Availability across a variety of platforms is facilitated by a choice of antenna sizes, with 30 inches being the largest available. Antennas are available in 6 inch increments down to 12 inches, suitable for smaller business aircraft. Hester notes that reducing antenna size inevitably affects resolution, with a smaller impact on radar range.
Weather delays are responsible for 70 percent of commercial air travel delays in both U.S. and European airspace, according to the latest research on aviation weather delays reported by the FAA and Eurocontrol.
Currently, the aviation technology industry is experiencing an evolution in a concept that will greatly aid in the way operators are able to track and avoid pockets of airspace with severe weather and turbulence in real time. This concept is known as crowd sourced weather, in which, effectively every aircraft in the world featuring a form of weather radar can downlink its capturing of information about altitude, position and time components related to patches of airspace with turbulence or severe weather, and then downlink that information to ground-based automation stations. Those stations can then broadcast that information to other airborne aircraft, giving them the opportunity to make real time decisions about avoiding areas of severe weather and turbulence.
Mark Miller, SVP and general manager at The Weather Company, explains that its Pilot Brief system is optimized for real-time inflight use over any IP-based network.

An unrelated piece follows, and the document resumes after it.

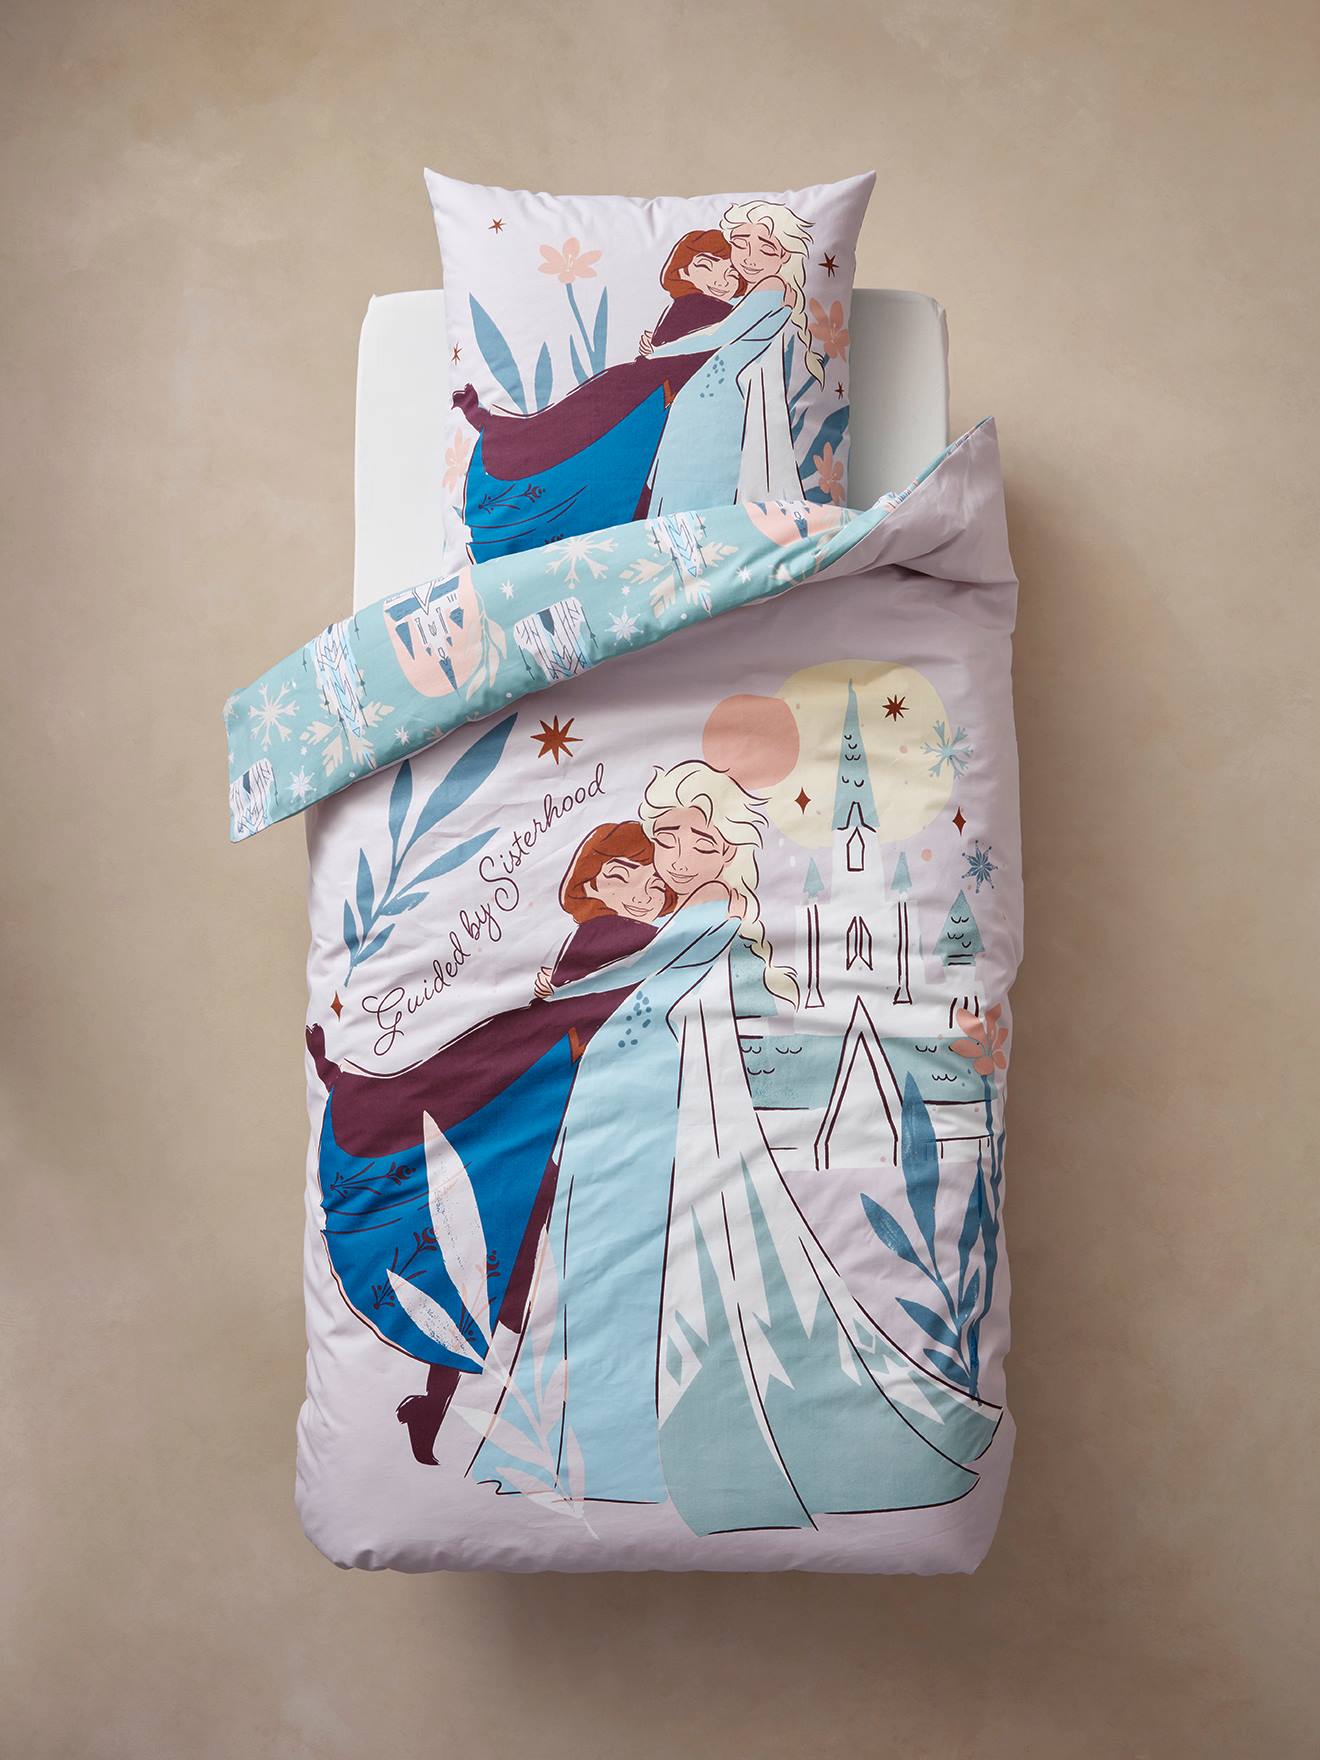 Duvet Cover & Pillowcase Set for Children, Frozen by Disney(r) ecru

So how does The Weather Company guarantee the veracity of its crowd-sourced data? “Some of it is gathered from our Weather Underground division, which runs a network of 190,000 personal weather stations around the world. They have very robust quality control, but we also take observations from airports, aircraft, satellites, ground radar and other sources. All the information is fed into a numerical model to create an enriched, accurate forecast,” he says.
Through its Weather Information Services product, Honeywell uplinks weather from multiple weather data providers to pilots’ EFBs. It is a useful complement to IntuVue, which gathers and processes data constantly, even though pilots are unlikely to maintain a constant focus on it.
Satellite companies are also contributing to the growth of the crowd sourced weather concept, according to Kenneth Holmlund, chief scientist at EUMETSAT, an organization that provides weather and climate related satellite data to national meteorological services for countries based in Europe.
“With regard to severe thunderstorms we are discussing with the airlines and aerospace industry on what additional satellite data and information on critical thunderstorms could be conveyed to the pilots in the cockpit for real-time adjustments to the route.
Regarding volcanic ash we have since the eruption of Eyjafjallajokull intensified our research in providing more accurate satellite observations of volcanic ash. At the same time the aviation industry has improved their understanding of the impact and risk of volcanic ash on the engines and has been able to refine their requirements for observations,” said Holmlund.
Possibilities exist through leveraging this background radar data collection process to deliver near real-time weather information to other platforms, in the air and on the ground. Hester notes that ground-based radar information is only available from the Continental U.S. and Europe. Honeywell is therefore exploring methods for downlinking data from the IntuVue 3D Volumetric Buffers on multiple aircraft and adding it to crowd-sourced weather. The fused product could even be made available by subscription to operators whose aircraft lack weather radar while compensating for the lack of ground coverage over much of the Earth’s surface and creating a truly global weather picture.